I believe I’m deserving of acclaim for having gone the past two weeks and not once mentioning the Super Bowl. In fact, other than a tweet announcing my phone number in Roman Numerals is DCCXXIV CMLXI MMDLVIII, I haven’t really thought about it.
But I fear if I don’t write something about the game, the NFL might revoke my blogging license and I’ll lose out on all these great blogging perks. So let’s ensure that doesn’t happen by filing some scattergun thoughts as the hype ascends to unbearable levels.
• I'm filled with dread knowing something I've avoided for 30 years is bound to happen in scant hours. Yes, I'll watch Madonna perform. Super Bowl halftime acts should be like host cities. We should just go back to the greats again and again. That means Petty, McCartney, Stones, Springsteen each get to play once very five or six years. And I get to pick who performs, which means every two or three years you get a Lucinda Williams, a Todd Snider or Robert Earl Keen.
• Tom Brady keeps making it easy to hate him. This week it was leaked that his supermodel wife Gisele Bundchen had written a sappy note to family and friends asking them all to pray that Tommy does well and leads the Patriots to victory. I'll pray that every Haitian refugee wins their first Super Bowl ring before I pray Tom Brady wins his fourth.
• The high in Indianapolis tomorrow will be about 44-degrees, or about 25-degrees cooler than it will be in New Orleans. Nothing against, Indy, but if I’m going to a Super Bowl, I want to see flowers, outdoor dining and be able to stroll around in short sleeves. The Super Bowl will be in New York City in two years. How long before it’s in Buffalo?
• Why not homeboy John Mellencamp in Indy instead of Madonna? My wife and I saw him with Dylan and Willie Nelson a few years ago. Didn’t know what the expect. The man rocks. He’d be perfect.
• The next step in halftime entertainment will be to project holograms of dead icons. And that will be magnificent. I’m thinking a 70-foot Elvis singing, “Hound Dog.”
• Something tells me this game will be remembered for a really bad call and it’ll involves a Giant defender hitting the Lady Brady just a tad too hard.
• How come Elton John’s never been asked to perform halftime duties? He’s only the most popular and beloved performer on the planet. I’m loving him as much for being so provocative and honest as for all his indelible music.

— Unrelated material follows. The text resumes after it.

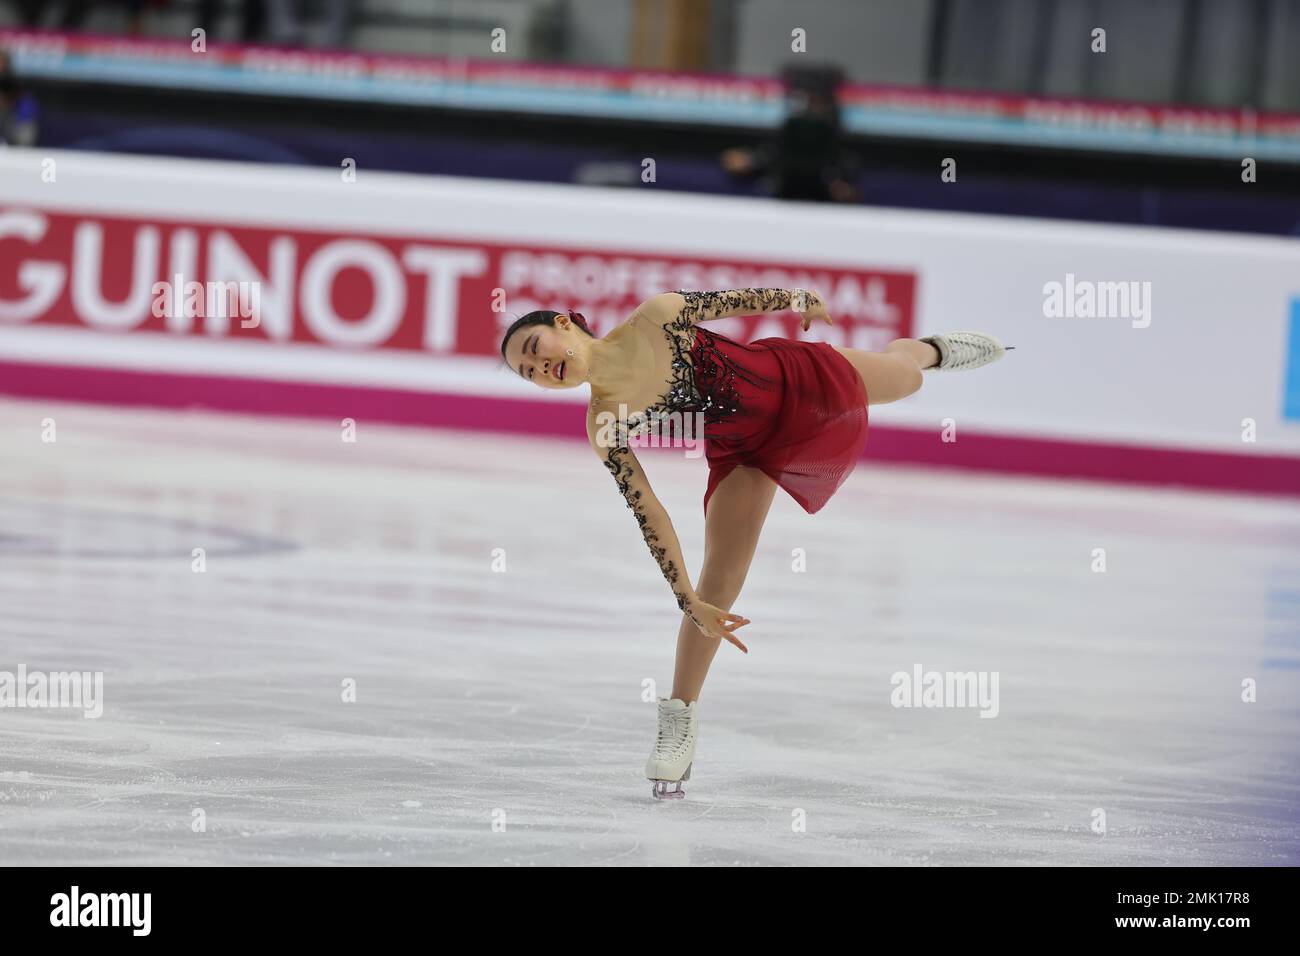 Mai Mihara du Japon participe à la finale du Grand Prix de patinage artistique de l'UIP à Turin 2022 à Palavela. Banque D'Images

When asked what he thought Madonna should do on Sunday, he advised, “Try not to lip-synch too badly.” A few years ago he described Keith Richards as resembling an “arthritic monkey.” The bitch is back? The bitch never left.
• The only reason I’m happy Pittsburgh got bounced from the playoffs was because it spars us from seeing our idiot mayor participating in those ridiculous inter-city bets the media for some reason feel obliged to cover.
• I’m surprised Bundchen’s note didn’t reveal she spells her husband’s name “Tawmmi” with a little smiley heart dotting the i.
• Other great future hologram performers: Sinatra, Tina Turner, Chuck Berry, James Brown and one day, yes, The Beatles. Mark my words, if there’s a rock ‘n’ roll heaven, one day they’ll reunite on stage at the Bridgestone Super Bowl Halftime Show. It’s bound to happen.
• I hope the Giants so relentlessly and fiercely pursue Tawmmi that he visibly wets his pants and the stain reveals he pees pink.
• My prediction: Giants 27, Patriots 17. Wake me when it’s over.